Entre 1985 et 2024, la surface boisée a gagné +23 % et le volume de bois sur pied +61 %. Plus d’arbres, plus de granulés de bois… tout devrait coller.
Sauf que non. Quand on regarde la structure, le paysage a basculé : les résineux (douglas, épicéas) ont progressé 3,4 fois plus vite que les feuillus (+41 % contre +12 %).
Les monocultures gagnent du terrain, les coupes rases se multiplient dans le Morvan, et du bois rond de qualité construction finit parfois… en bois énergie, voire en granulés.
Dans des ventes récentes en forêt de Tronçais, des chênes âgés de plus de 180 ans, parfaitement aptes à la charpente ou au parquet, ont été orientés vers des usages à durée de vie courte, y compris la papeterie-énergie. Le dilemme est là : brûler ou construire ?
Pendant six mois, j’ai épluché les inventaires forestiers, confronté les chiffres de l’ONF aux relevés de terrain, et passé plusieurs jours dans le Morvan à documenter ce que les plaquettes commerciales ne montrent jamais.
Cette enquête sur le lien granulés bois forêts révèle ce que votre poêle fait vraiment – ou pas – aux forêts françaises, et comment reprendre la main.
À retenir – Granulés de bois et forêts françaises : ce que montre l’enquête
✅ La forêt française progresse… mais change de visage
Depuis 1985, les forêts françaises ont gagné +23 % de surface et +61 % de volume de bois. Mais les résineux (douglas, épicéas) ont progressé 3,4 fois plus vite que les feuillus (+41 % vs +12 %). Résultat : davantage de forêts de production rapides, plus de monocultures, une biodiversité en retrait et des sols plus fragiles.

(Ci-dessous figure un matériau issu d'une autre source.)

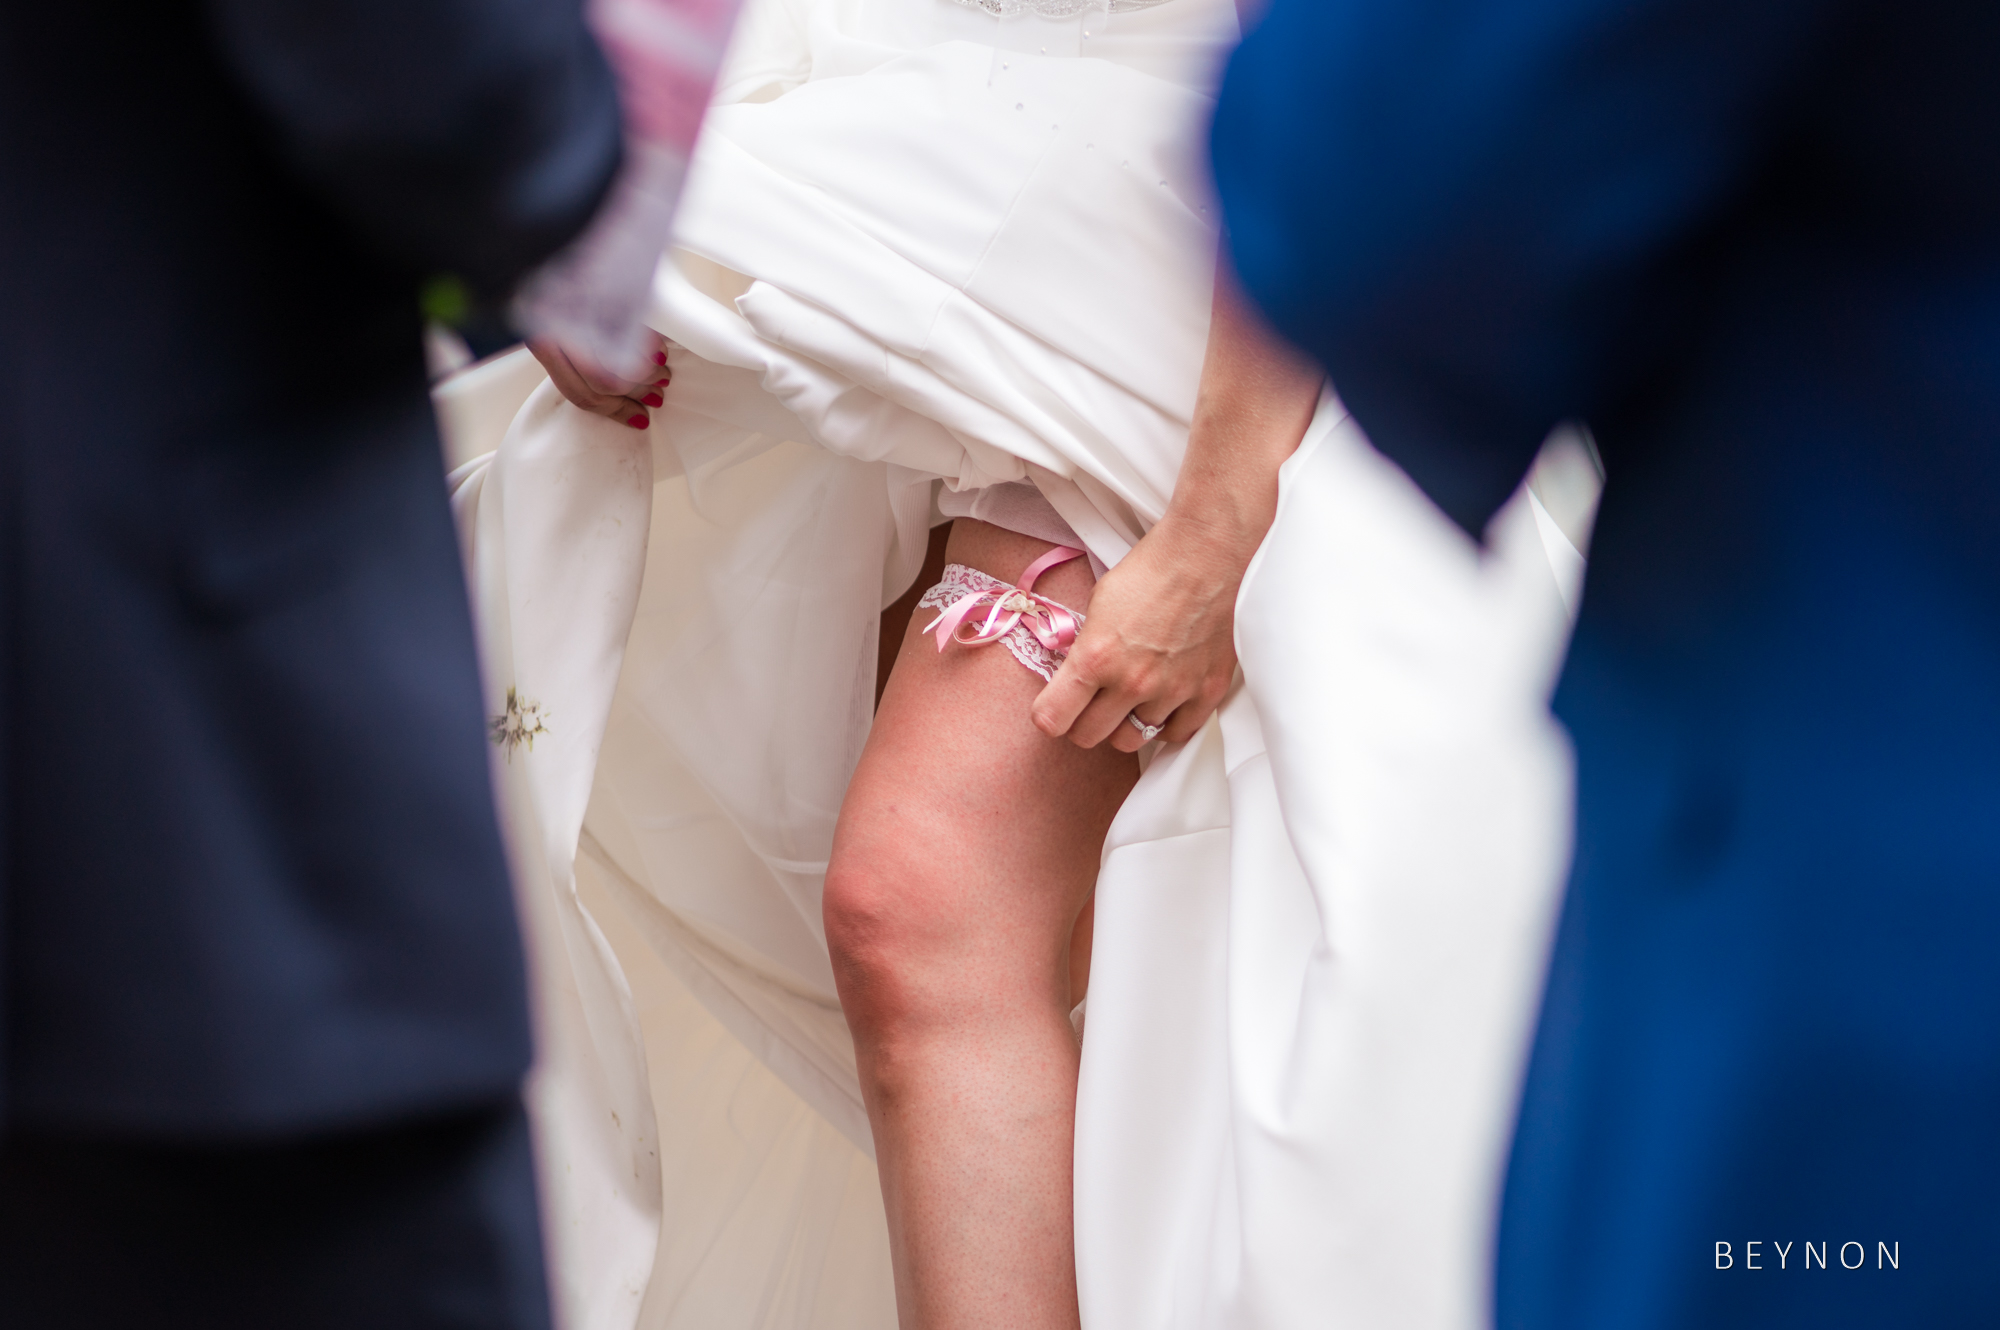 The bride show off her garter

📈 Coupes rases dans le Morvan : +63 % entre 2015 et 2020
Les coupes rases sont passées d’environ 820 hectares en 2015 à 1 340 hectares en 2020, soit +63 % en 5 ans. Sur le terrain, des forestiers décrivent un basculement d’une sylviculture vers une forme d’agriculture longue rotation pour alimenter scieries, papeteries et bois énergie.
🏛️ Forêts publiques : 1 m³ sur 5 en bois énergie
Dans les forêts gérées par l’ONF, environ 20 % des volumes vendus partent en bois énergie. Une fraction non négligeable alimente directement ou indirectement la filière des granulés de bois. Même en forêt publique, une partie du bois qui pourrait aller en construction finit en combustible.

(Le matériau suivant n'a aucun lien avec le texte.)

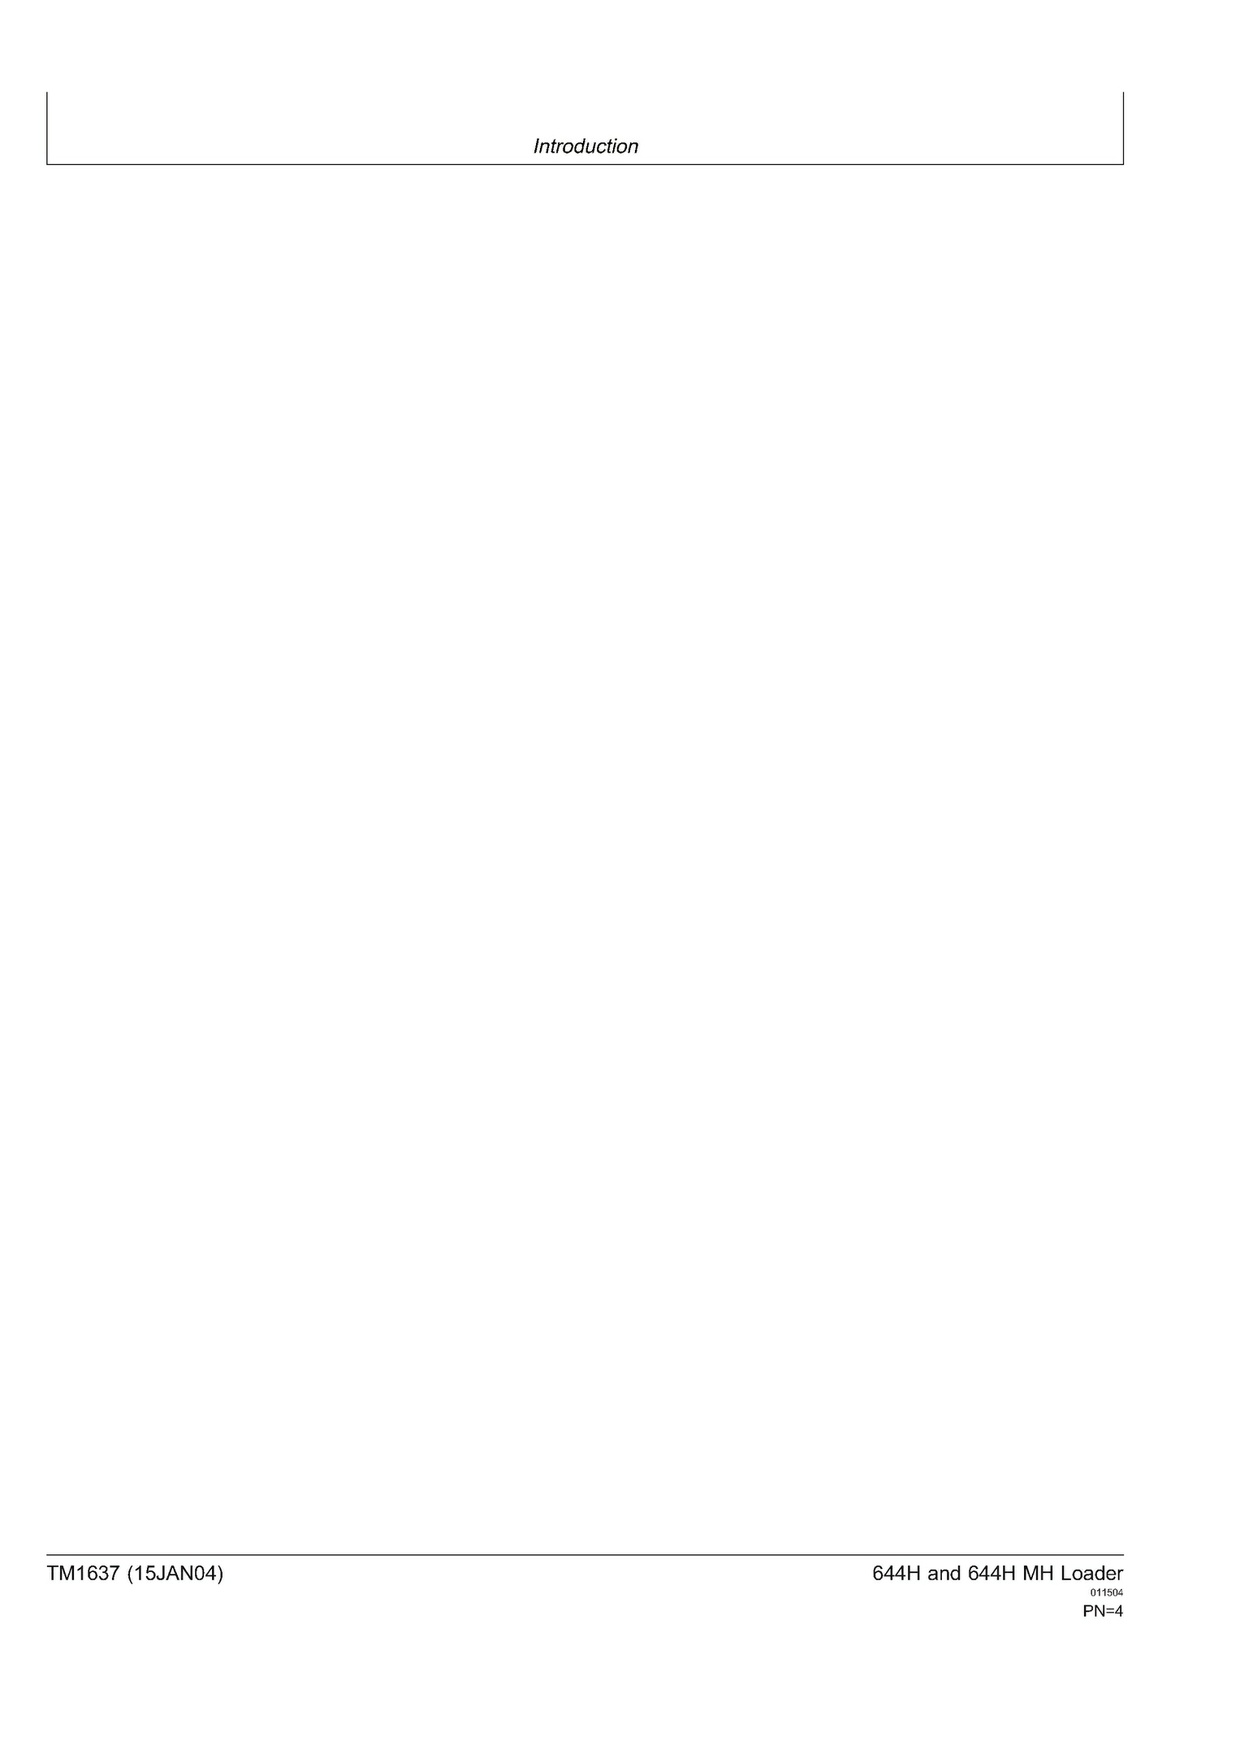 PDF Download John Deere 644H 644H MH WHEEL LOADER OPERATION AND TEST MANUAL DOWNLOAD TM1634

⚠️ Le paradoxe Tronçais : chênes d’exception, usages courts
En forêt de Tronçais, massif emblématique de chênes de 150–250 ans, plusieurs ventes récentes ont vu des lots aptes à la construction partir vers des usages à durée de vie courte (papeterie, parfois énergie). Brûler un chêne de 200 ans, c’est relâcher en une saison de chauffage un carbone stocké depuis deux siècles, au lieu de le garder encore 80–100 ans dans une charpente ou un parquet.
✅ Cohérent si vos granulés :
- proviennent à ≥ 70 % de coproduits de scierie (sciure, copeaux, délignures)

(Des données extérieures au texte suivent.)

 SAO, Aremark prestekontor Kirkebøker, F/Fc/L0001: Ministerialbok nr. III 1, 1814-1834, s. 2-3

- sont fabriqués dans un rayon < 200 km de la ressource
- affichent une composition transparente et une provenance vérifiable
❌ Incohérent si vos granulés :
- utilisent du bois rond coupé exprès pour l’énergie (dette carbone de 50 à 200 ans)
- dépendent de monocultures de résineux et de coupes rases répétées
- arrivent d’imports longue distance avec une empreinte transport fortement alourdie
🔍 Ce que vous pouvez faire dès maintenant :
→ Demander la composition détaillée (% de coproduits vs bois rond)
→ Vérifier la provenance réelle (région, rayon d’approvisionnement)
→ Privilégier des fabricants transparents et des granulés issus de coproduits locaux plutôt que d’arbres entiers

Plus de bois, mais quelle qualité ?
Quand on regarde les chiffres bruts, les forêts françaises n’ont jamais été aussi fournies.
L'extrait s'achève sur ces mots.